GIVEN INFORMATION:
● ● ● ● ●
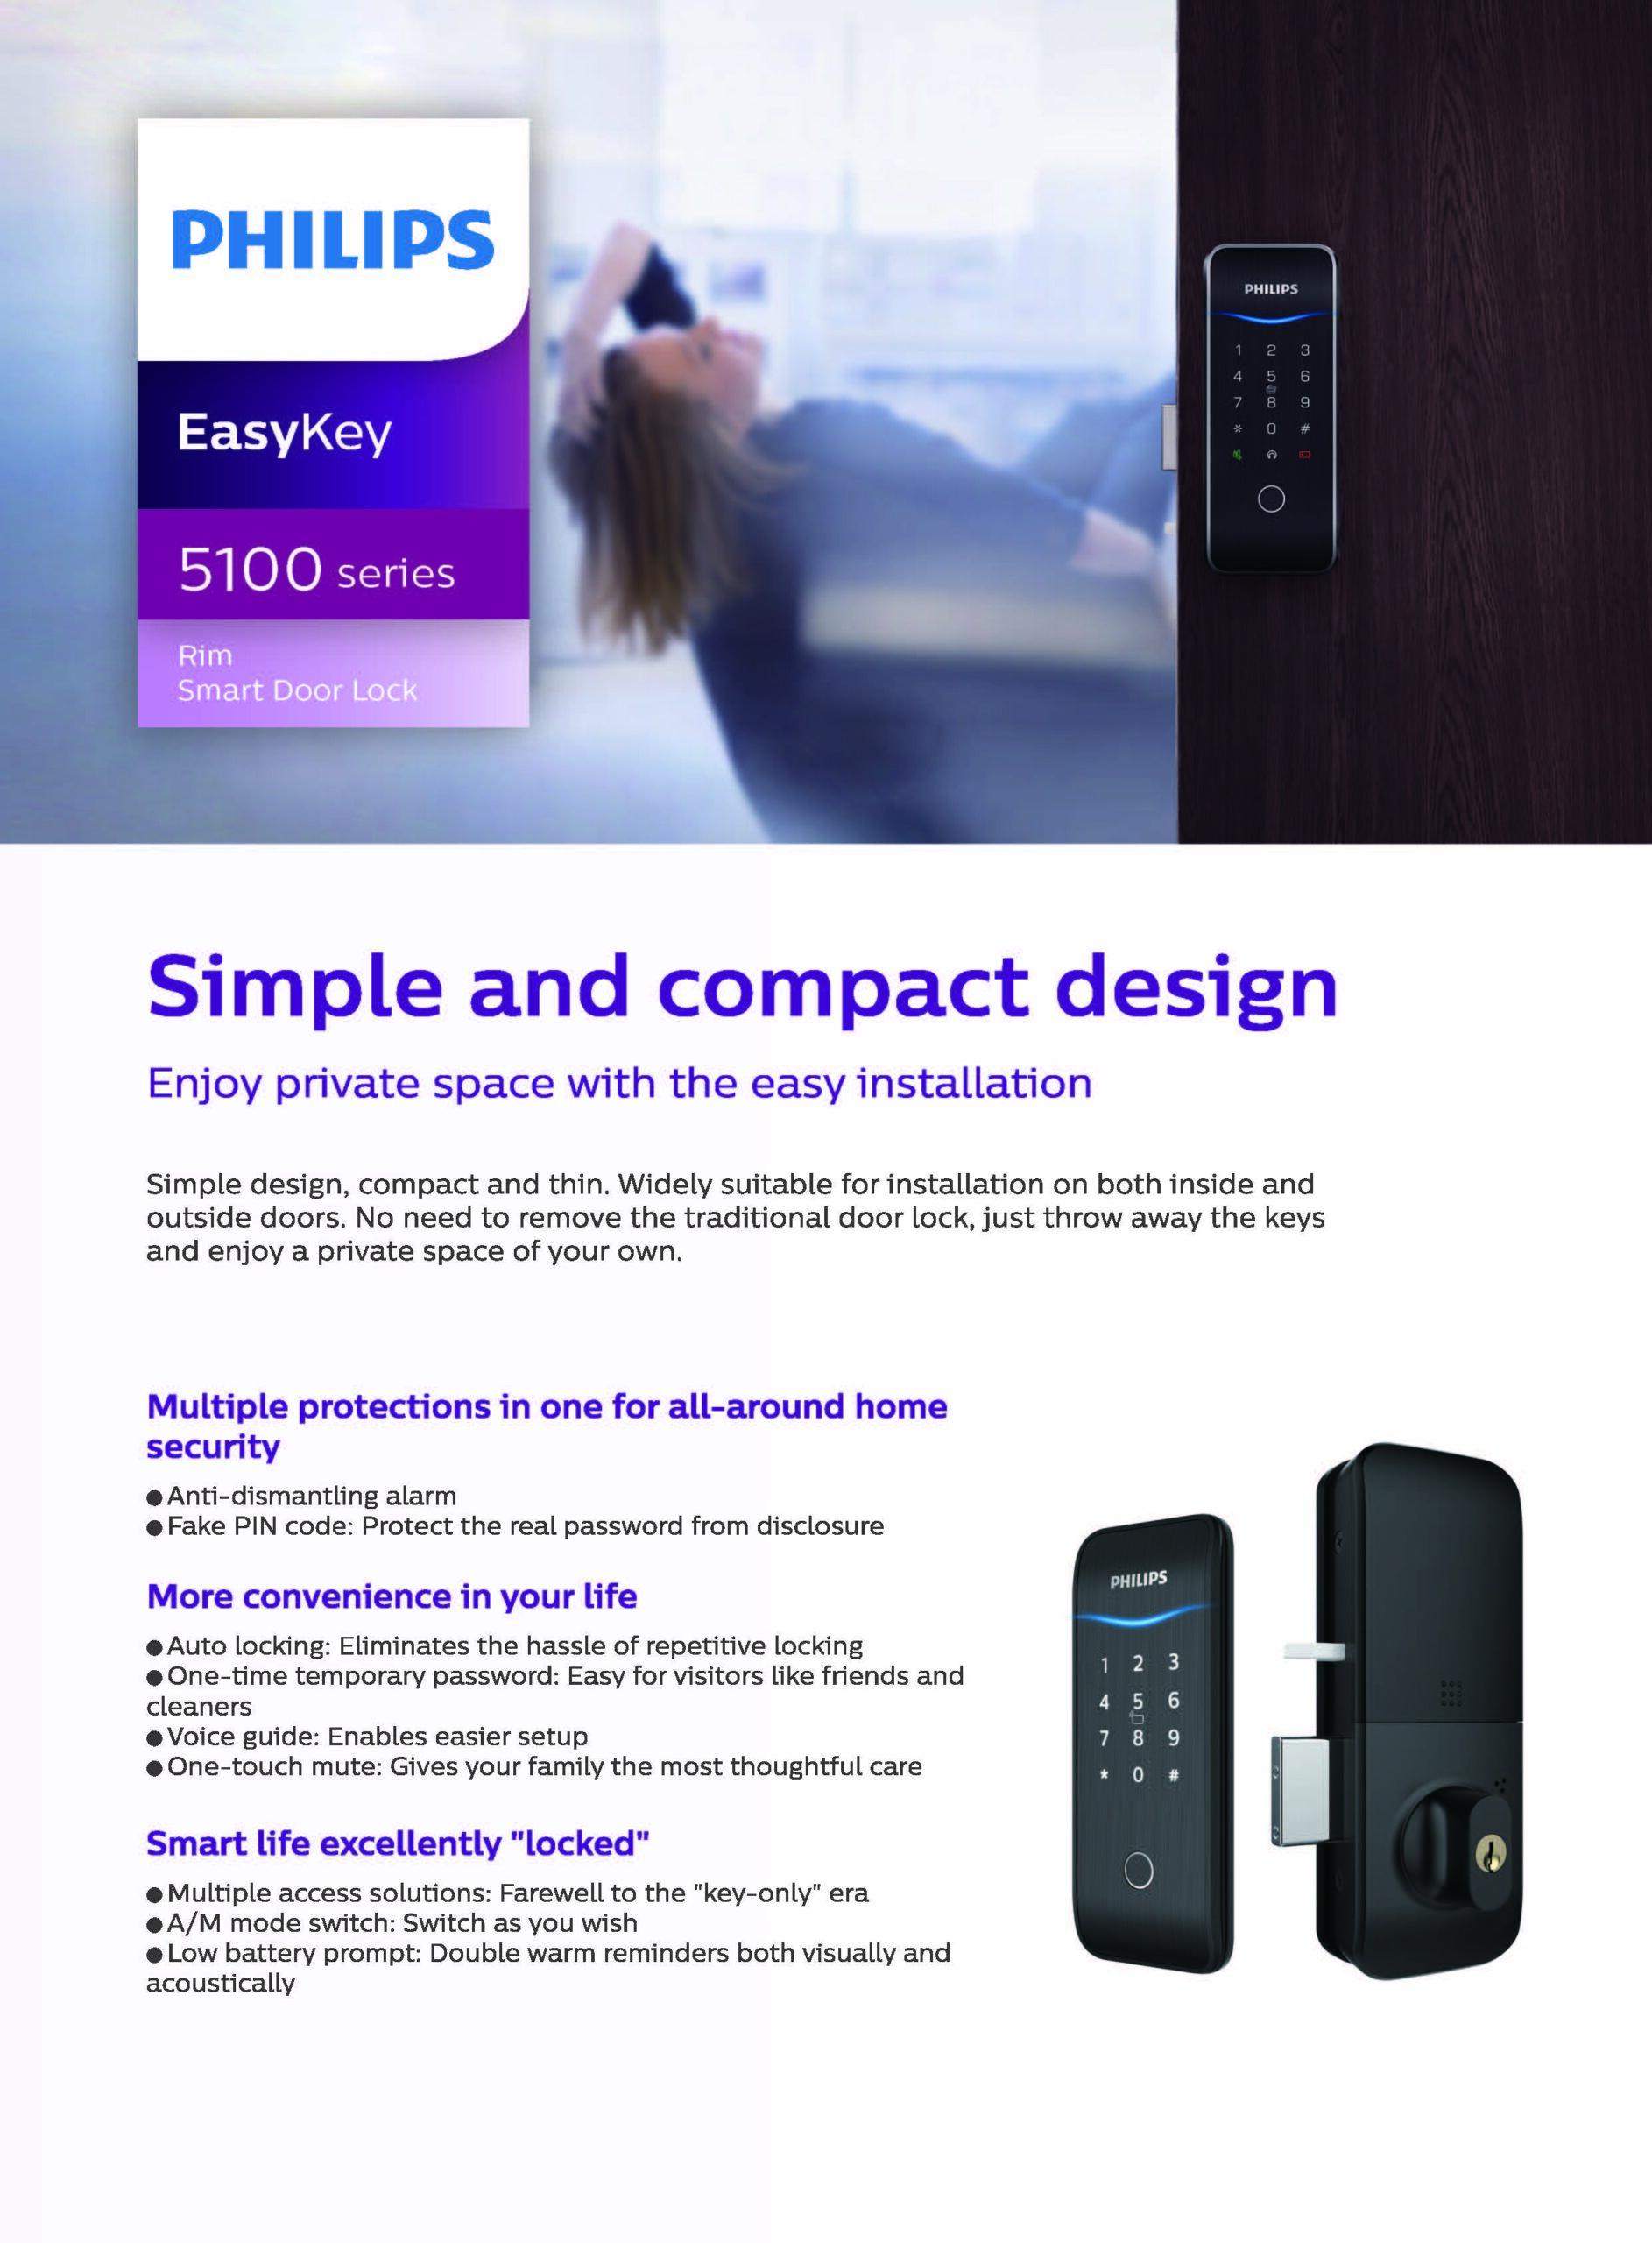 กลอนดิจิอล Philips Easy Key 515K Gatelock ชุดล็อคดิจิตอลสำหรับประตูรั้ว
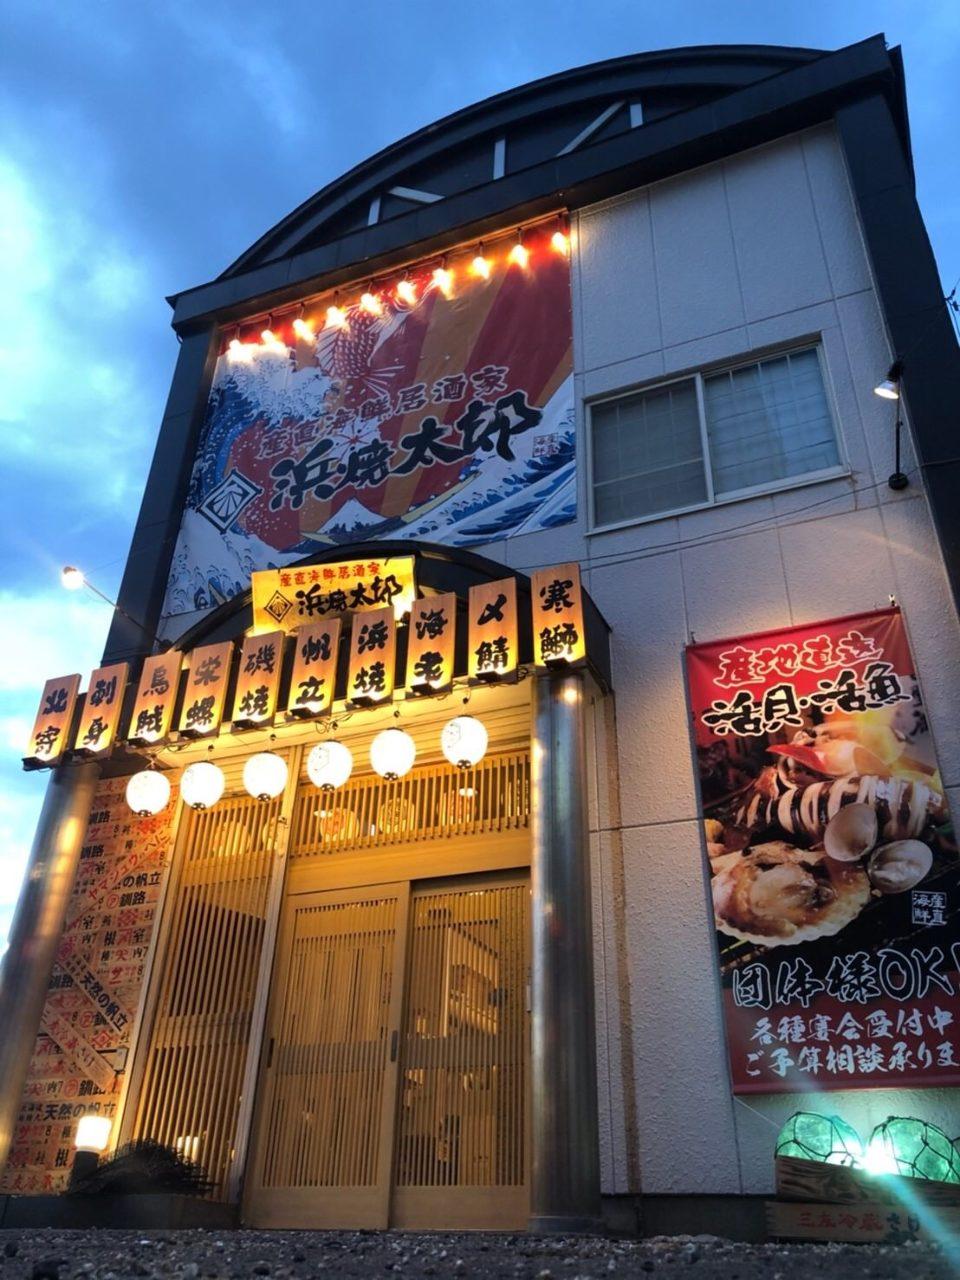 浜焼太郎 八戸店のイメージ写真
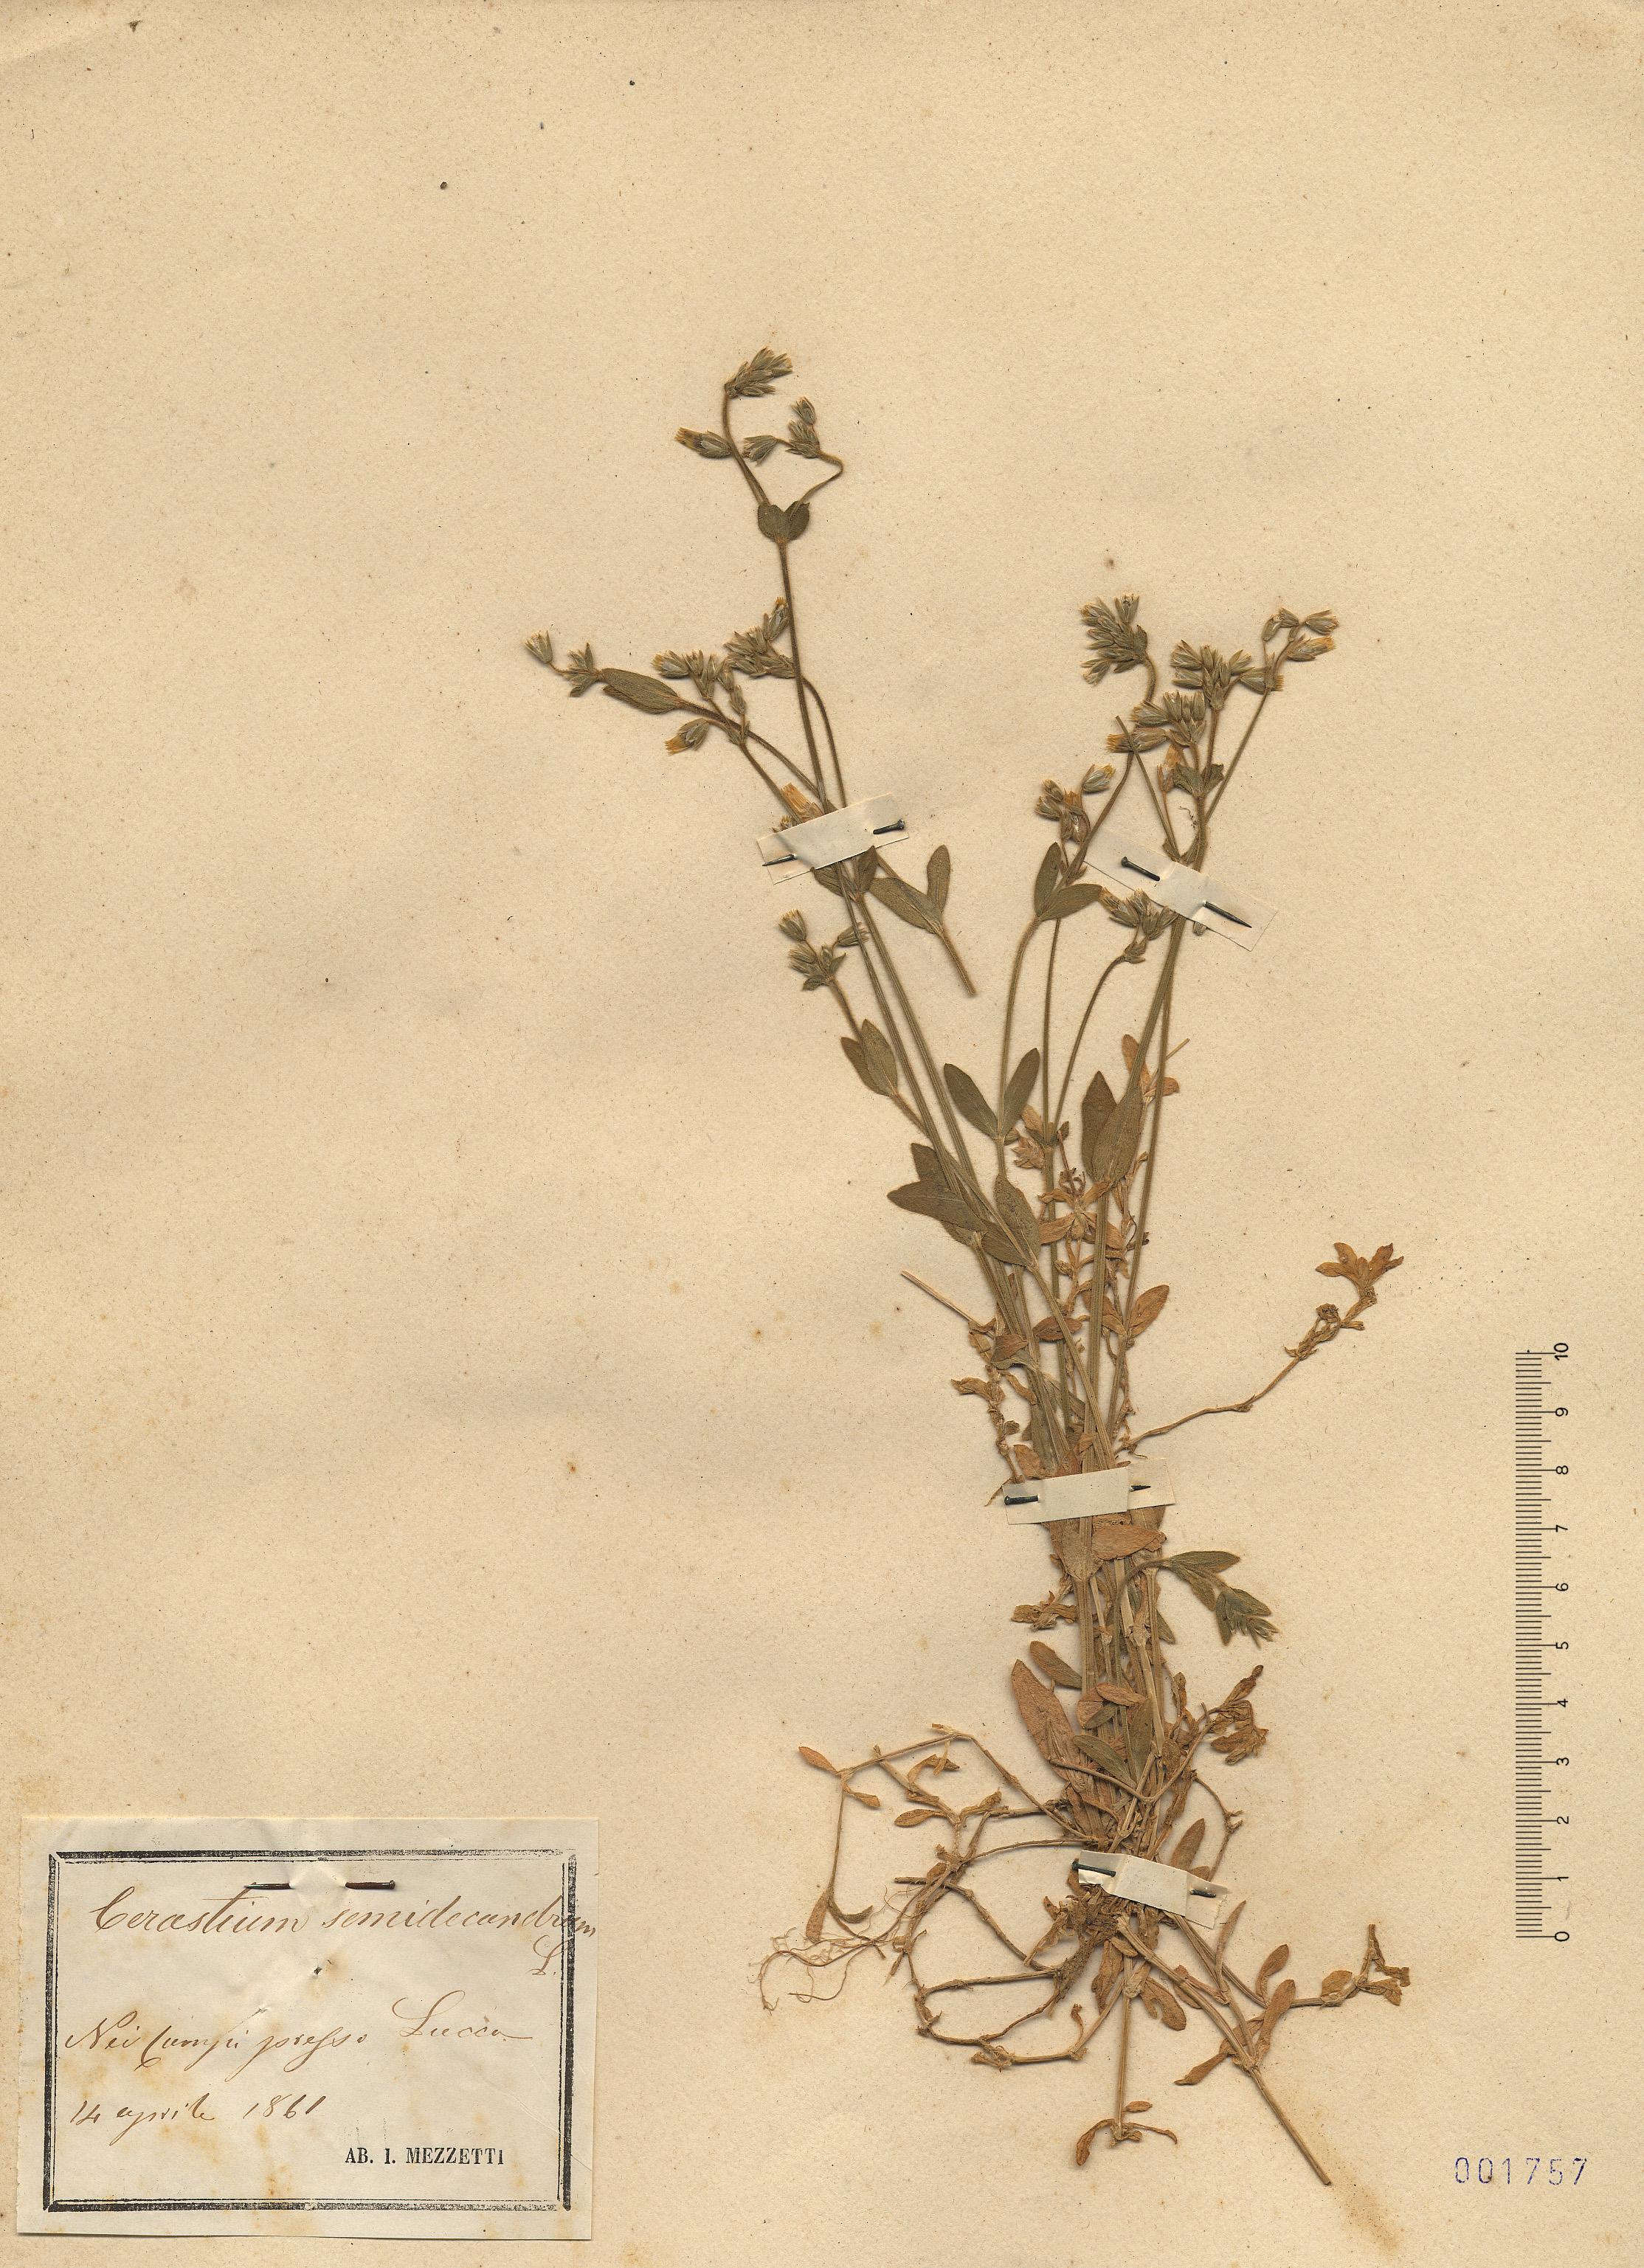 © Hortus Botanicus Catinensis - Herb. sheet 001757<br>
● ● ● ● ●
Write out again, word for word, the lines from the one holding "浜焼太郎 八戸店のイメージ写真" through the final line of the listing, including both ends but no pictures.

 浜焼太郎 八戸店のイメージ写真
 © Hortus Botanicus Catinensis - Herb. sheet 001757<br>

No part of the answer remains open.